Kuwait, Not Syria, to Sit on U.N. Human Rights Council: Shuffling the deck chairs on the Titanic

Tuesday, May 10, 2011

This article by Anne Bayefsky originally appeared on The Weekly Standard.

The Obama administration has been under siege for its support of the U.N.'s top human rights body, the U.N. Human Rights Council. Until today, Syria was seeking to join the Council during elections scheduled to take place at the General Assembly on May 20, 2011. The administration, European states, and other Council fans were already reeling from Libya's election last May and were desperately looking for a way to save the Council from oblivion. The solution is to replace Syria with Kuwait. Obviously, the anybody-but-Syria campaign spent little time considering the suitability of their replacement candidate.

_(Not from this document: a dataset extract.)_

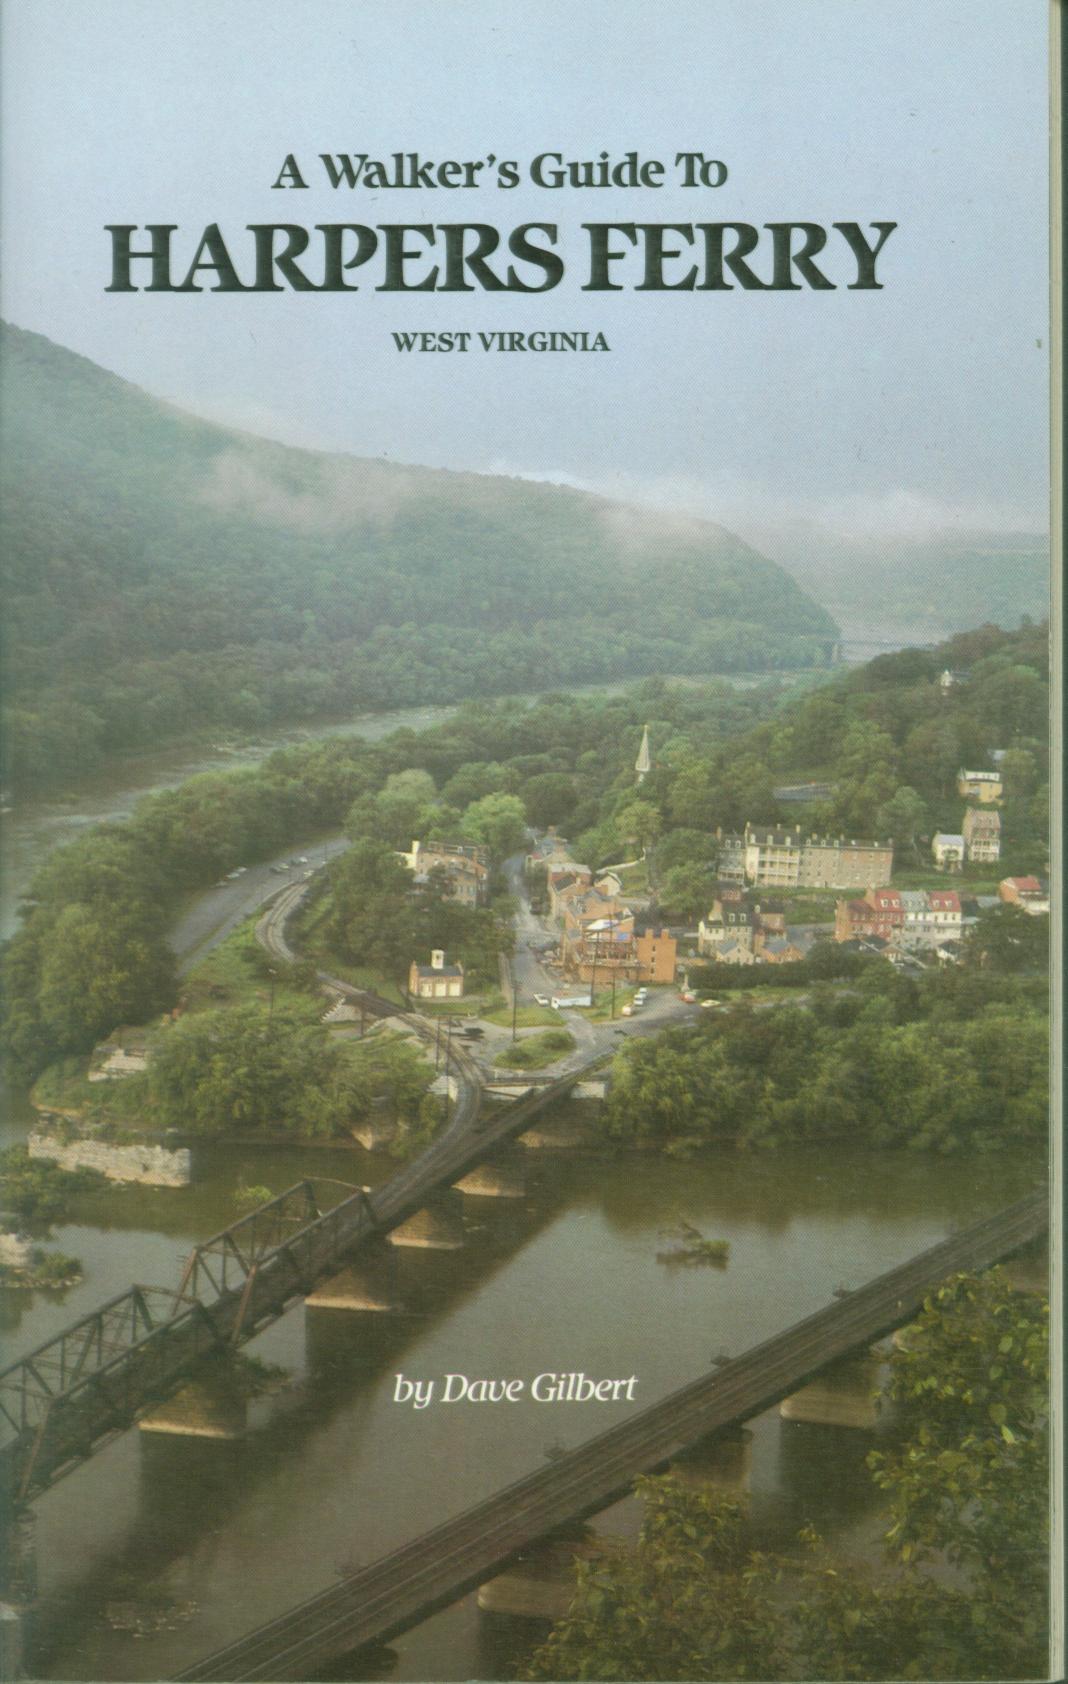 A WALKER'S GUIDE TO HARPERS FERRY, WEST VIRGINIA.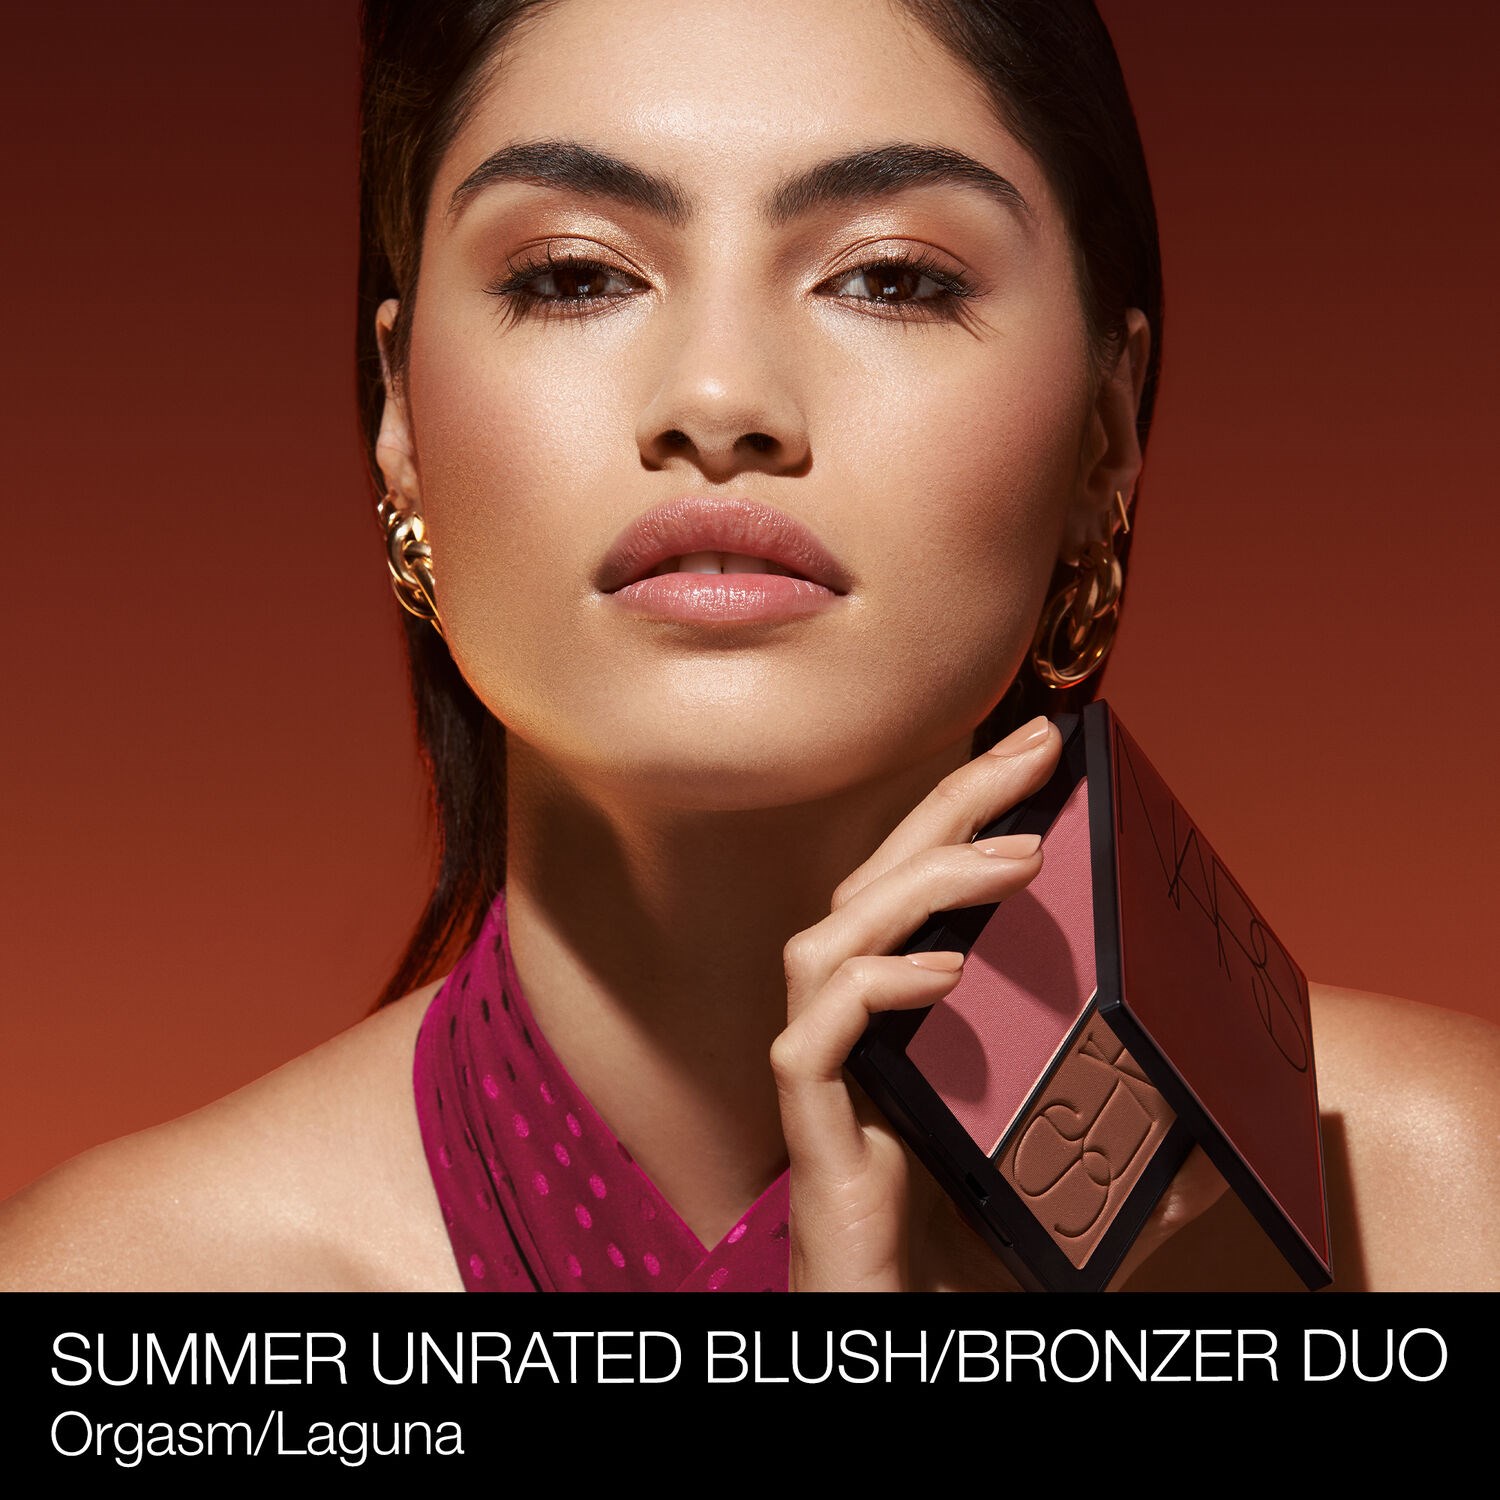 SUMMER UNRATED BLUSH/BRONZER DUO 9

Kuwait is hardly qualified to serve on the Human Rights Council. According to recent reports of Freedom House and the State Department, there is no rule of law in Kuwait. There is no independent judiciary. The emir appoints all judges. The emir has the authority to dissolve the National Assembly at will. Formal political parties are banned. Women are required to have a male guardian in order to marry. Women are eligible for a half of their brother's inheritance. Spousal rape is not a crime. The law does not specifically prohibit domestic violence. Vacationers have spent months in jails if airport officials hear them "insulting the emir."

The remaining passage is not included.